- Awarded for: Individual acts of bravery, courage, leadership, resource or devotion to duty
- Presented by: Ireland
- Eligibility: Officers, non-commissioned officers and privates/seaman/aircrew of the Defence Forces and members of the Army Nursing and Chaplaincy Services.
- Post-nominals: BSD
- Status: Currently awarded
- Established: 18 February 1964

Precedence
- Next (higher): Military Medal For Gallantry
- Next (lower): Good Conduct Medal

= Distinguished Service Medal (Ireland) =

The Distinguished Service Medal (DSM) (An Bonn Seirbhíse Dearscna) is a military decoration issued by the Irish Government, created to recognize individual acts of courage, leadership, resourcefulness, or devotion to duty by a member of the Irish Defence Forces.

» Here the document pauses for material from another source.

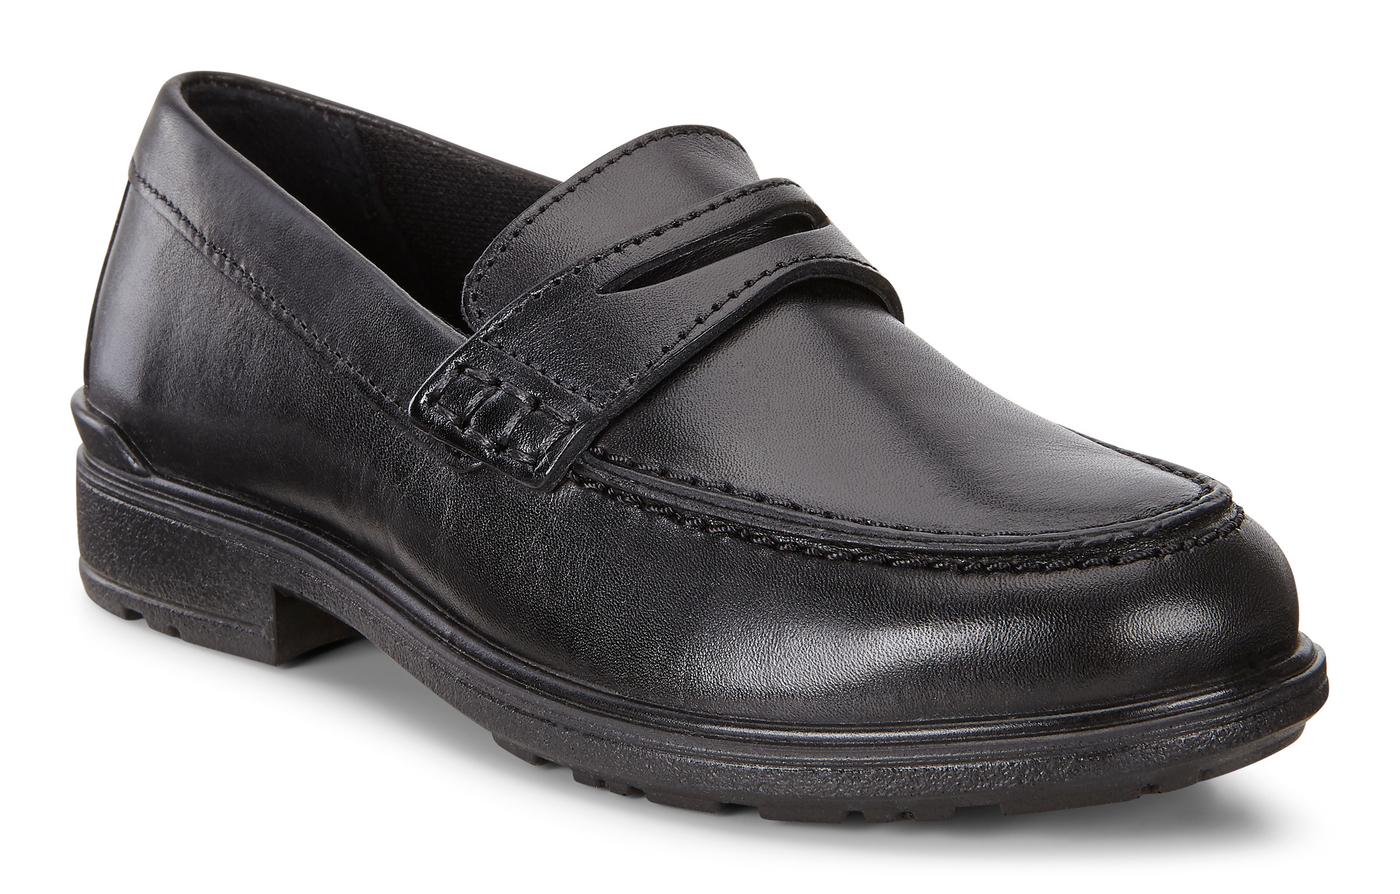 ECCO COHEN Loafer

Recipients are entitled to use of the post-nominals BSD, the Irish abbreviation of the medal's name.

The Distinguished Service Medal is the second-highest military honour presented by the Republic of Ireland, second only to the Military Medal for Gallantry (An Bonn Míleata Calmachta). Unlike the Military Medal for Gallantry, the Distinguished Service Medal can be awarded either for meritorious actions, or for an act of heroism.

== History ==
The Distinguished Service Medal was created on 18 February 1964, to be awarded in three grades: 1st Class, 2nd Class, and 3rd Class, in similar fashion to the older Military Medal for Gallantry.

In January 1984, the three grades were renamed; 1st Class became with Honour, 2nd Class with Distinction, and 3rd Class with Merit.